Sarah nods and something feverish passes across her face. She doesn’t strike me as being the sort to hang her hopes on the cold reading capabilities of a psychic, but three years is a long time without news and desperation is a cold cup of coffee.

“What else did this medium say?”

“She said she could see flashing lights and a tall building like a smokestack or a windmill without any sails. The girls were under the ground, but not in the ground. Alive, that’s what she said, definitely alive.”

There is a sound from the bushes behind the practice net. A face appears. Young. Brazen. The reporter has mud stains on his knees.

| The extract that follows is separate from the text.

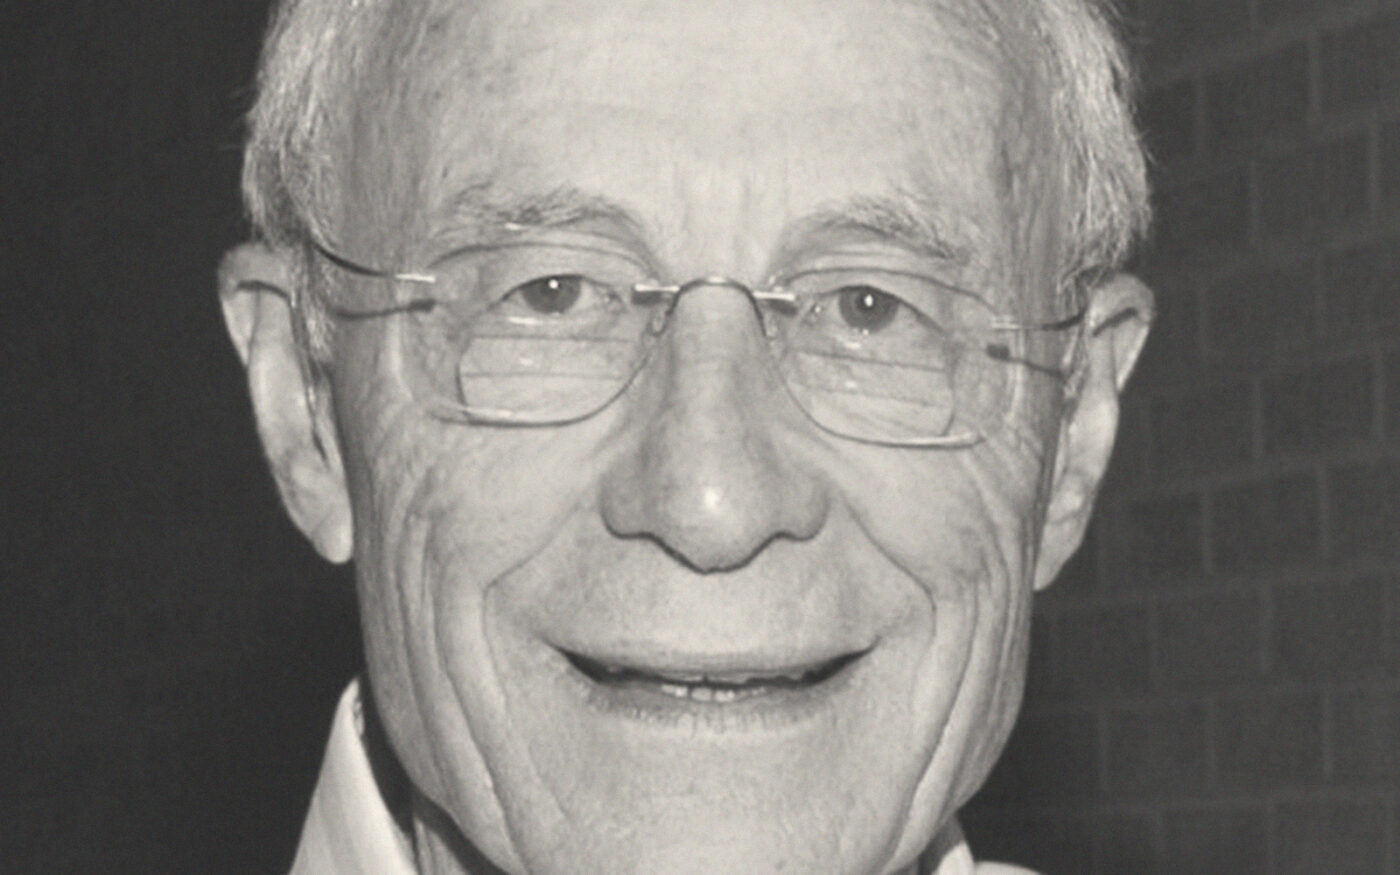 Revered General Contractor Bartlett Cocke Jr. Dead at 93
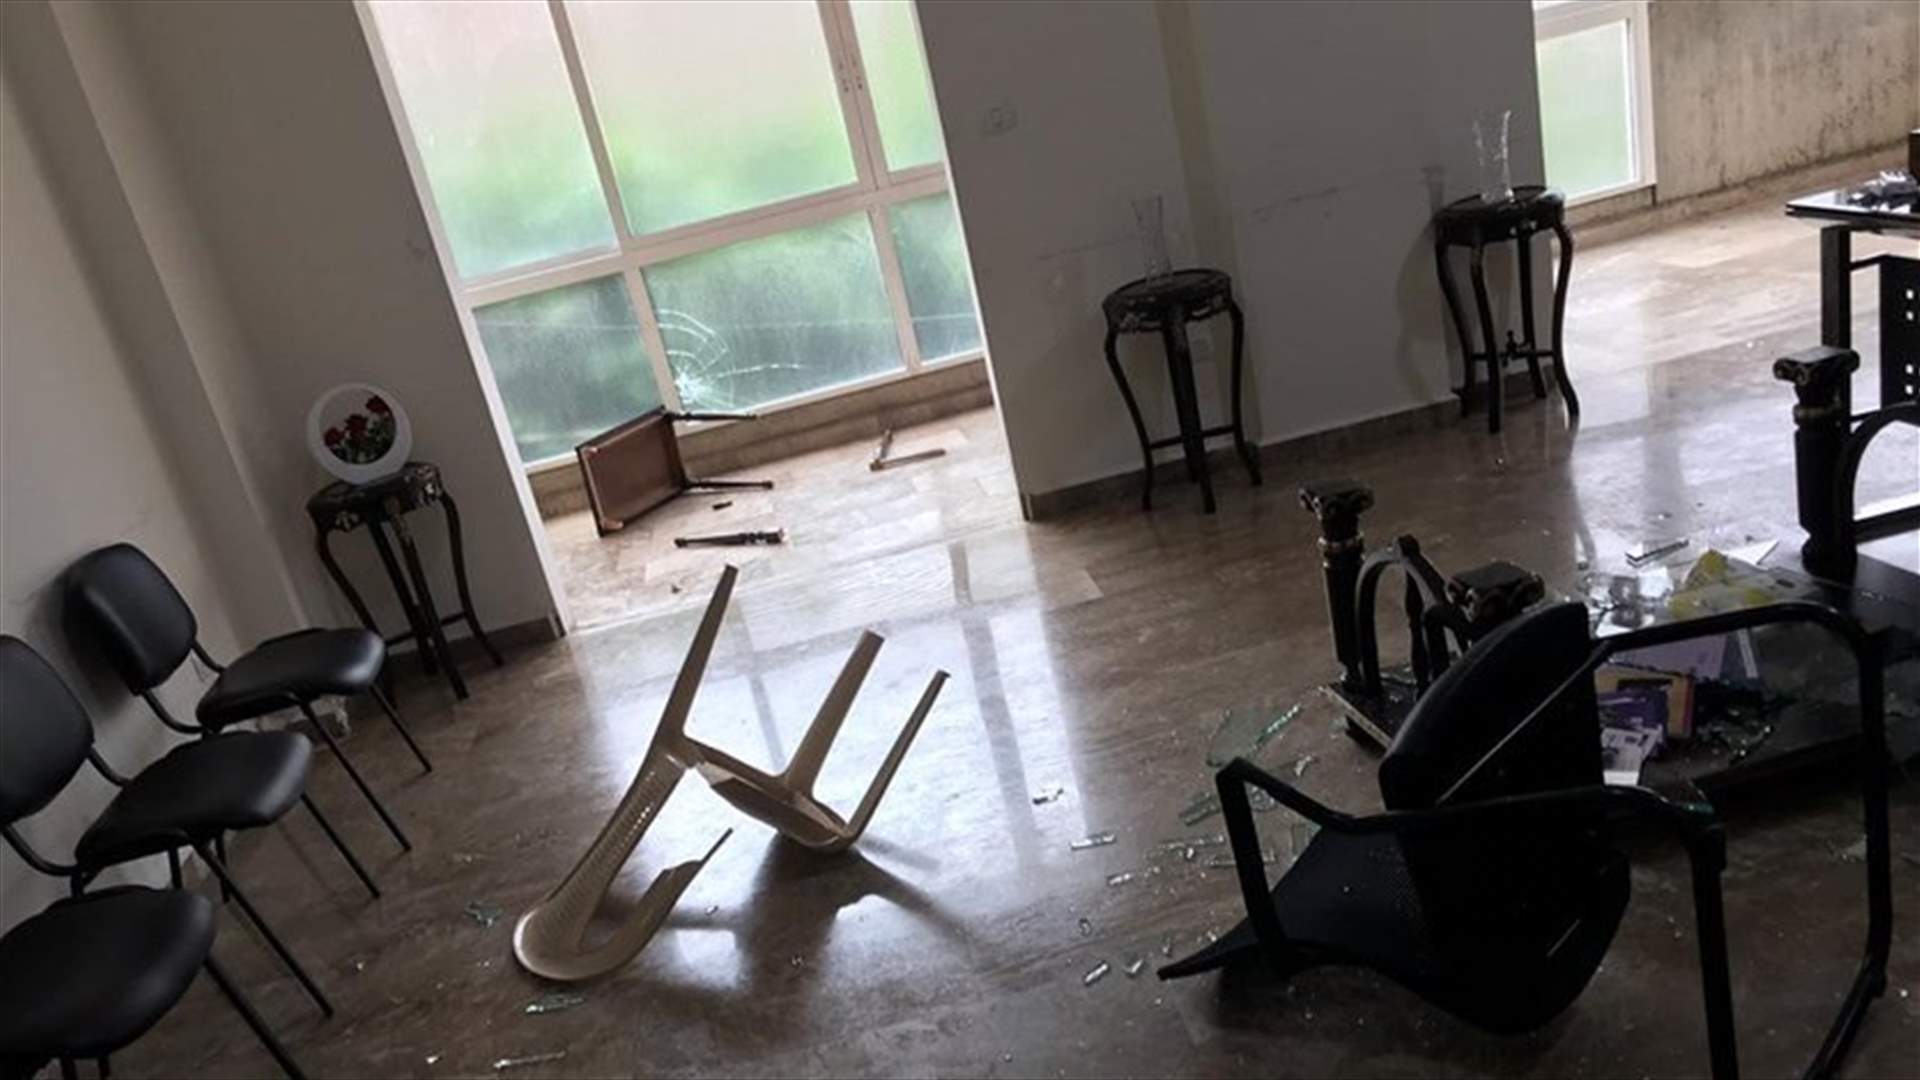 Protesters break into office of MP Ali Darwish, destroy furniture

“Mrs. Hadley, I spoke to Hayden McBain. He said that Natasha was raped and mutilated by a pedophile. Is that what you fear for Piper?”

Sarah’s fists tighten around the driver. She marches towards the reporter swinging the club through the air like a two-handed machete.

“You are a grubby little man,” she screams. “You’re a vulture… a ghoul… get off my property!”

He turns and runs, leaping onto the wall, his shoes scrabbling for purchase on the wet bricks.

Sarah drops a golf ball onto the lawn and takes her stance. The club swings through a graceful arc and she drills the ball towards the reporter, who has just reached the top of the wall and raised his arms to celebrate his escape. The ball hits him between the shoulder blades and he drops like a felled tree, making an oof sound as he lands in the neighboring garden.